### Given material:
━━━━━━━━━━━━━━━━━━━━

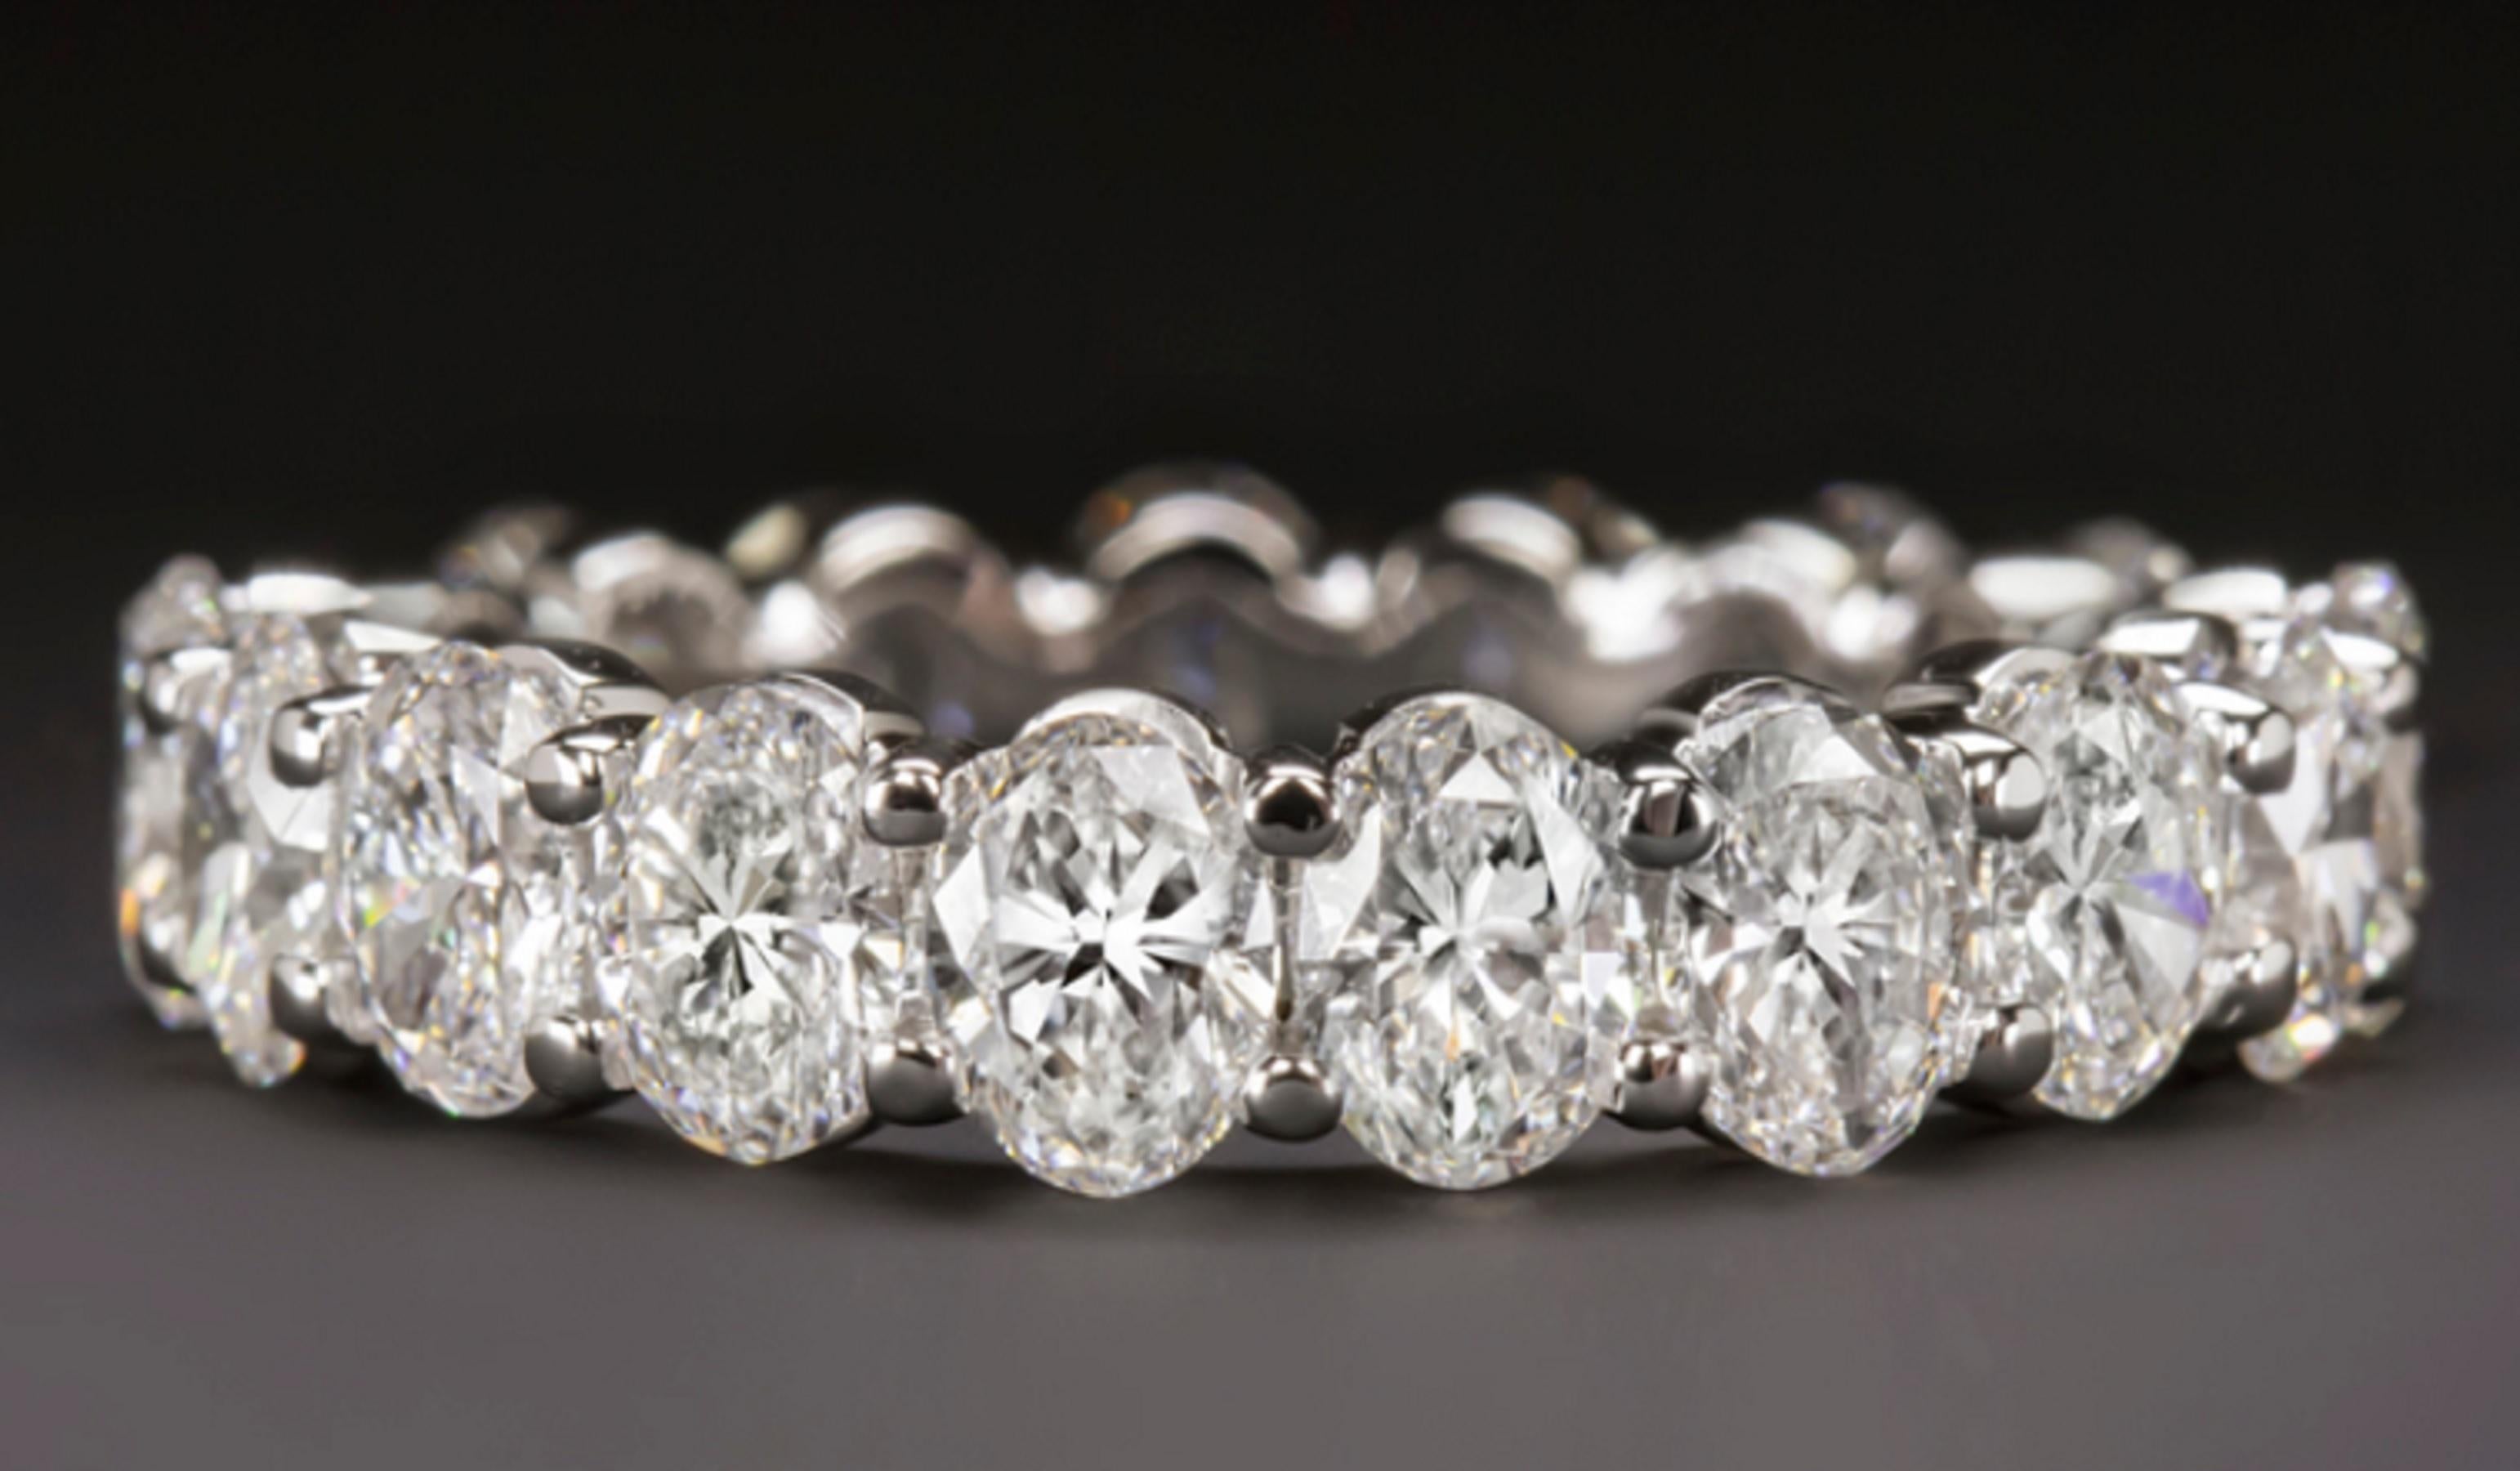 Eternity ring features approximately 3.60 carat of vibrant oval cut diamonds set in an elegantly simple modern band. High quality, perfectly matched, and substantially sized diamonds cover the full diameter of the ring in dazzling sparkle. Bright
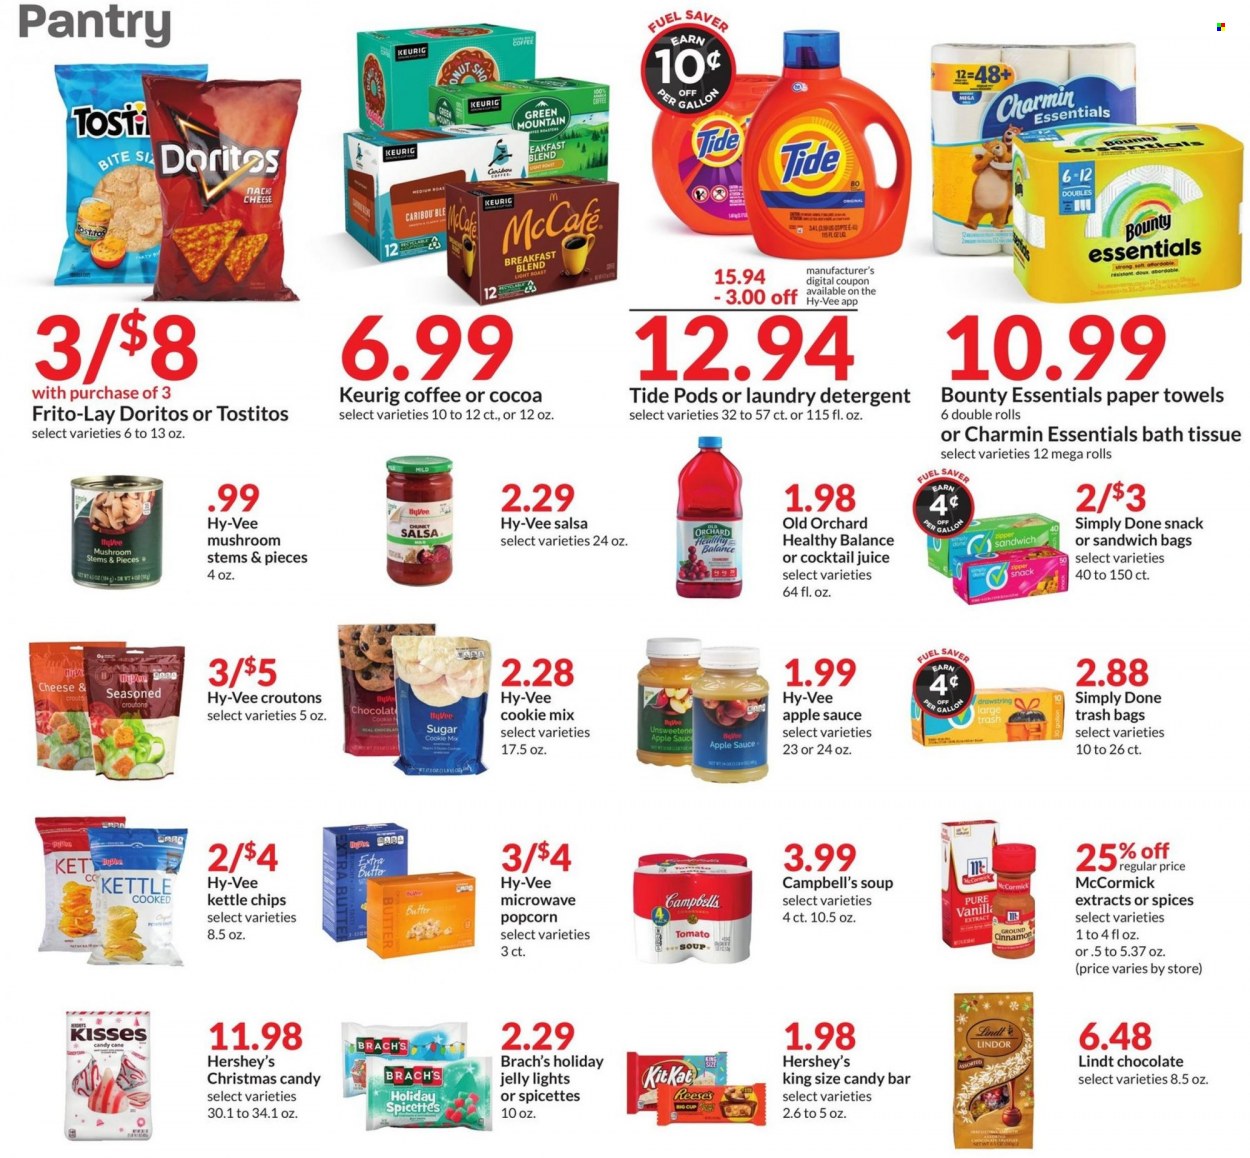 thumbnail - Hy-Vee Flyer - 11/30/2022 - 12/06/2022 - Sales products - mushrooms, Campbell's, tomato soup, soup, sauce, butter, Reese's, Hershey's, chocolate, snack, candy cane, Lindt, Lindor, Bounty, KitKat, jelly, Doritos, chips, kettle, popcorn, Frito-Lay, Tostitos, croutons, sugar, vanilla extract, cinnamon, salsa, apple sauce, juice, coffee, McCafe, Keurig, breakfast blend, Green Mountain, bath tissue, kitchen towels, paper towels, Charmin, detergent, Tide, laundry detergent, trash bags, cup. Page 5.
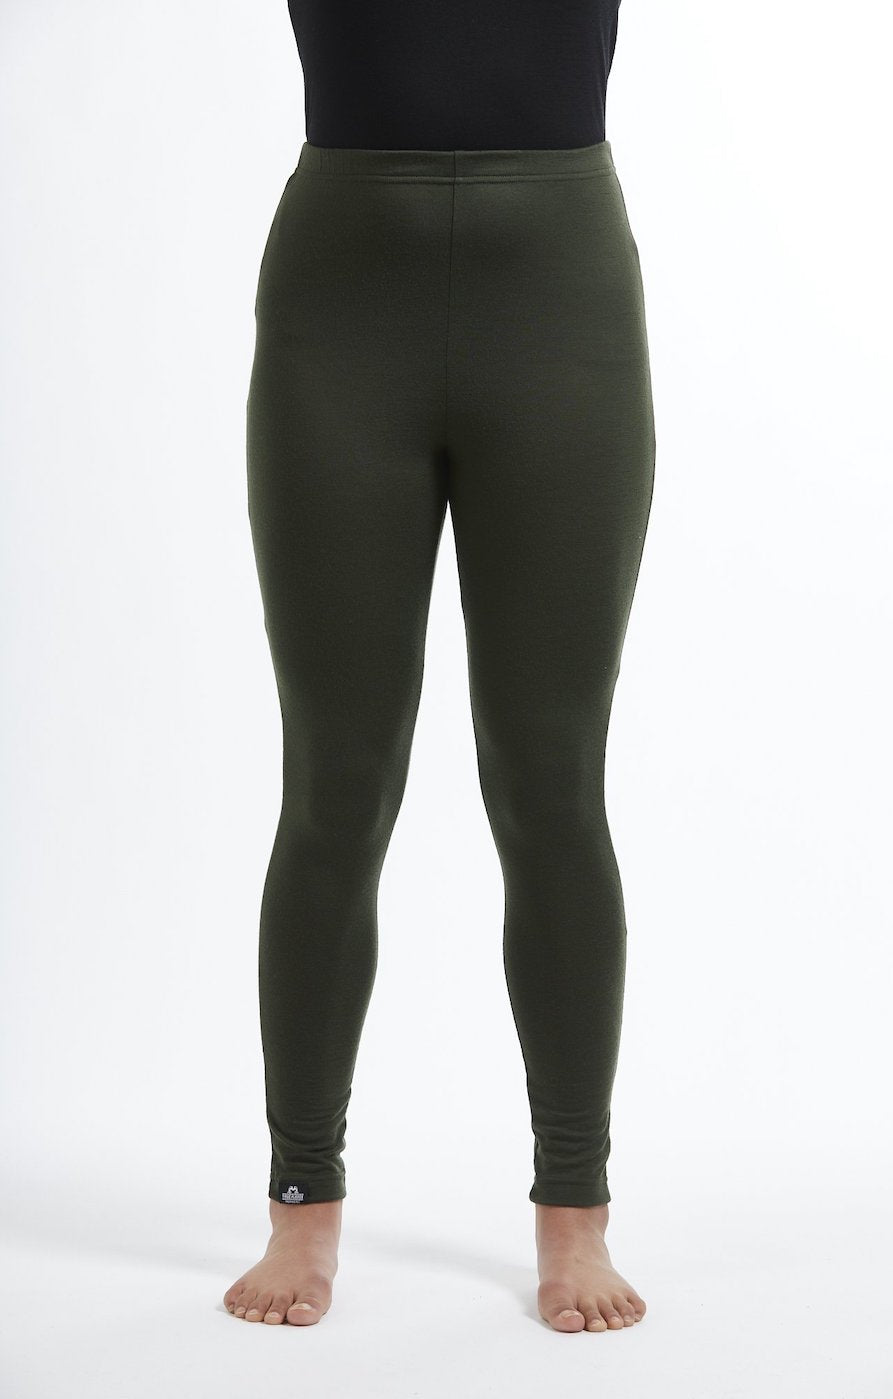 Are Compression Leggings Good For Flights To Us
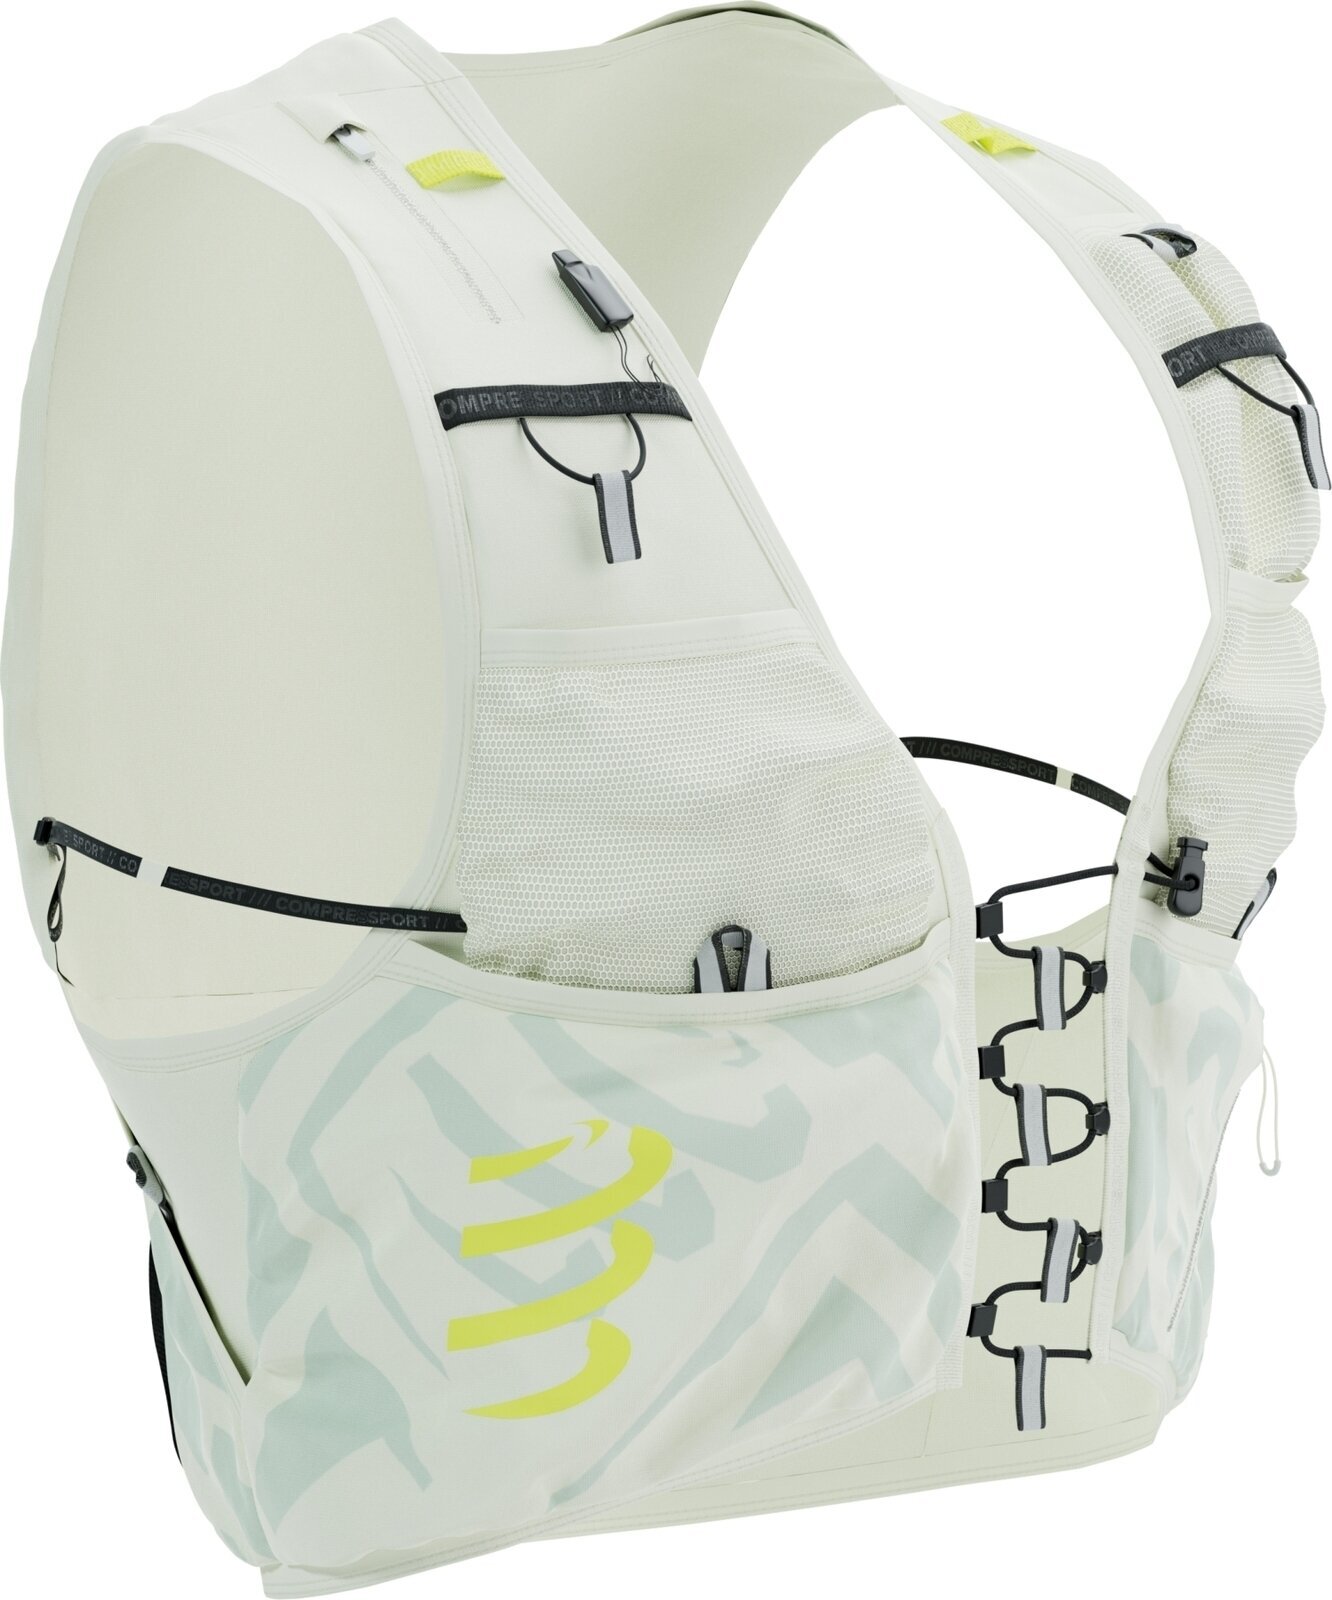 Running backpack Compressport UltRun S Pack Evo 10 Sugar Swizzle/Ice Flow/Safety Yellow L Running backpack

━━━━━━━━━━━━━━━━━━━━

### What to work on:
Leaving the pictures aside, write out only the lines from the one containing "Are Compression Leggings" through the end of the material, exactly as they stand.

### Answer to the exercise:
 Are Compression Leggings Good For Flights To Us
 Running backpack Compressport UltRun S Pack Evo 10 Sugar Swizzle/Ice Flow/Safety Yellow L Running backpack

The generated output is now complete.